Simulations of convection with crystallization in the system KAlSi2O6-CaMgSi2O6: implications for compositionally zoned magma bodies

Abstract

A model has been developed and applied to study the origin of compositional and phase heterogeneity in magma bodies undergoing simultaneous convection and phase change. The simulator is applied to binary-component solidification of an initially superheated and homogeneous batch of magma. The model accounts for solidified, mushy (two- or three-phase), and all-liquid regions self-consistently, including latent heat effects, perco- lative flow of melt through mush, and the variation of system enthalpy with composition, temperature, and solid fraction. Phase Equilibria and thermochemical and transport data for the system KAlSi2O6-CaMgSi2O6 were utilized to address the origin of compositional zonation in model peralkaline magmatic systems. Momentum transport is accomplished by Darcy percolation in solid-dominated regions and by internal viscous stress diffusion in melt-dominated regions within which relative motion between solid and melt is not allowed. Otherwise, the mixture advects as a pseudofluid with a viscosity that depends on the local crystallinity. Energy conservation is written as a mixture-enthalpy equation with subsidiary expressions that are based on thermochemical data and phase relations that relate the mixture enthalpy to temperature, composition, and phase abundances at each location. Species conservation is written as the low-density component (KAlSi2O6) and allows for advection and diffusion as well as the relative motion between solid and melt.
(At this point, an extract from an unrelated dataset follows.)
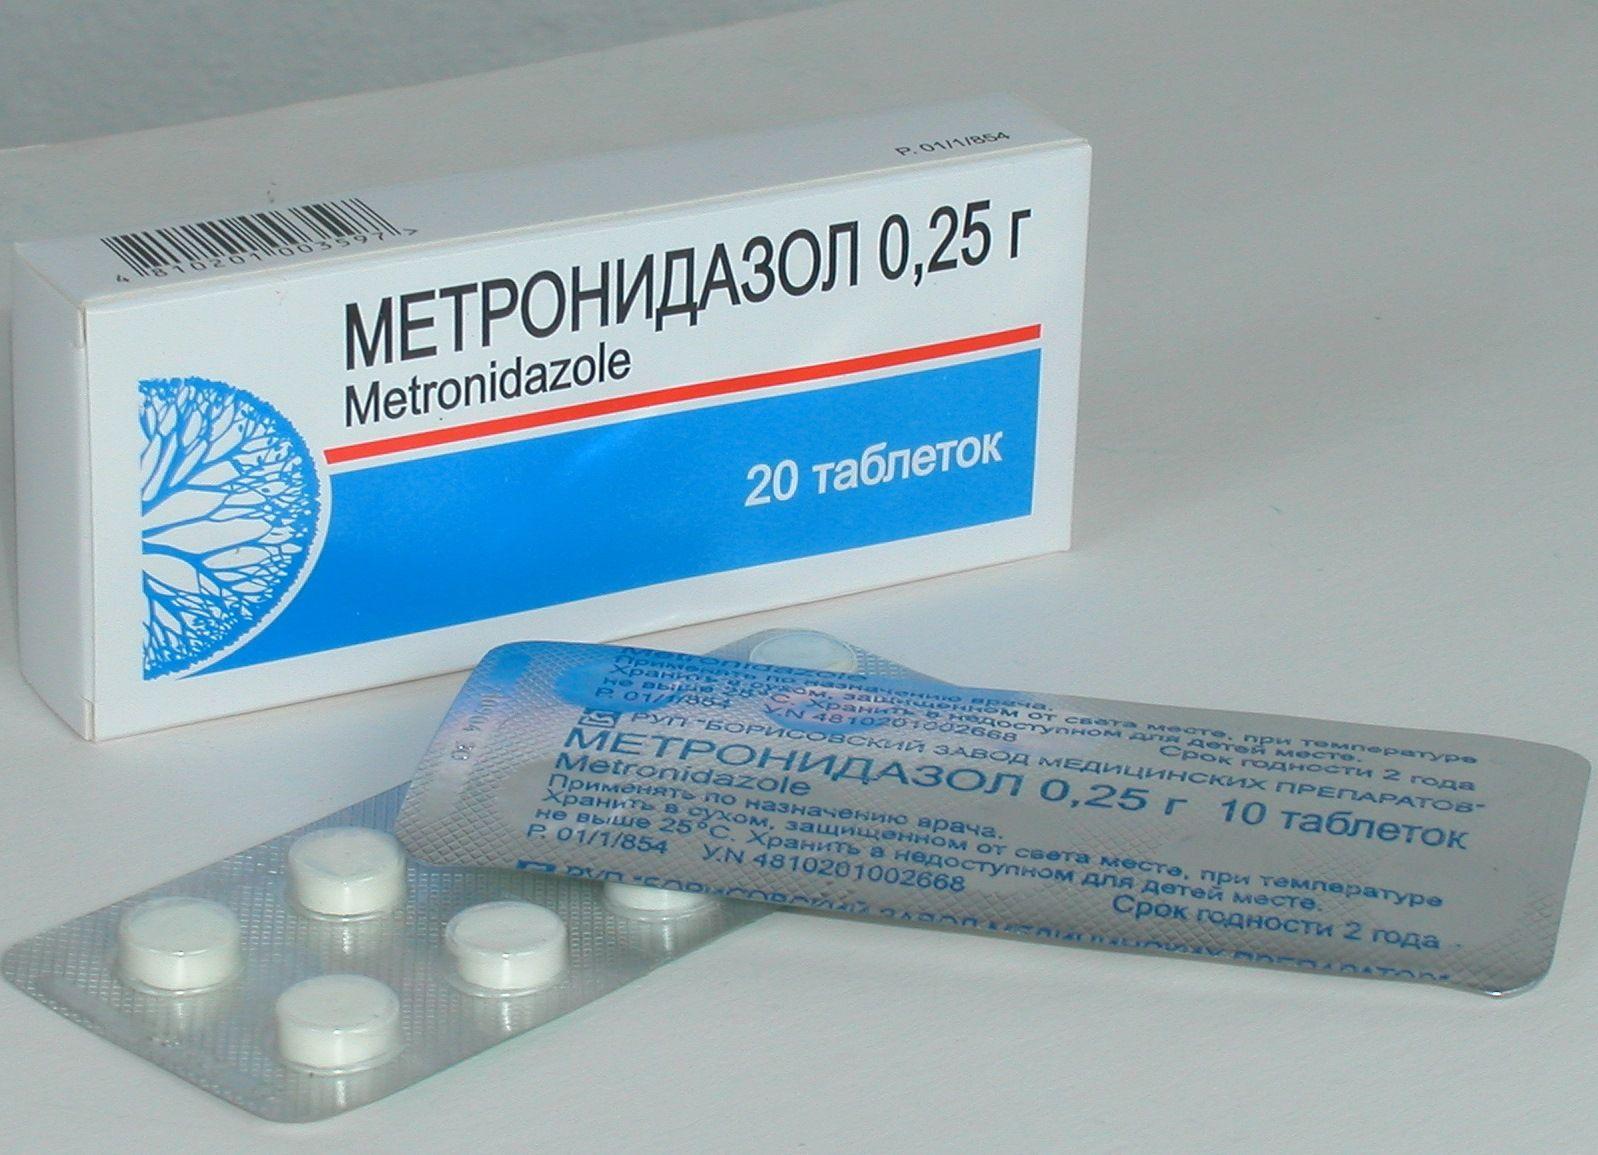 Метронидазол в гинекологии: эффективность в лечении «женских» болезней и инструкция по применению

Systematic simulations were performed to assess the role of thermal boundary conditions, solidification rates, and magma-body shape on the crystallization history. Examination of animations showing the spatial development of the bulk (mixture) composition (C) melt composition (C1), temperature (T), solid fraction (fs), mixture enthalpy (h), and velocity (V), reveals the unsteady and complex nature of convective solidification owing to nonlinear coupling among the momentum, energy, and species conservation equations. A consequence of the coupling includes the spontaneous development of compositional heterogeneity in terms of the modal abundances of diopside and leucite in the all-solid parts of the domain (i.e., modal mineralógical heterogeneity) as well as spatial variations in melt composition particularly within mushy regions where phase relations strongly couple compositional and thermal fields. Temporal changes in the rate of heat extraction because of bursts of crystallization and concommitant buoyancy generation are also found. Crystallization of diopside, the liquidus phase in all cases, enriches residual melt in low- density K-rich liquid. The upward flow of this material near the mush-liquid interface leads to the development of a strong vertical compositional gradient. The main effect of magma-body shape and different thermal boundary conditions is in changing the rate of solidification; in all cases compositional heterogeneities develop. The rate of formation of the compositional stratification is highest for the sill-like body because of its high cooling rate. Compositional zonation in a fully solidified body is found to be both radial and vertical. The most salient feature of this simple model is the spontaneous development of large-scale magma heterogeneity from homogeneous and slightly superheated initial states, assuming local equilibrium prevails during the course of phase change.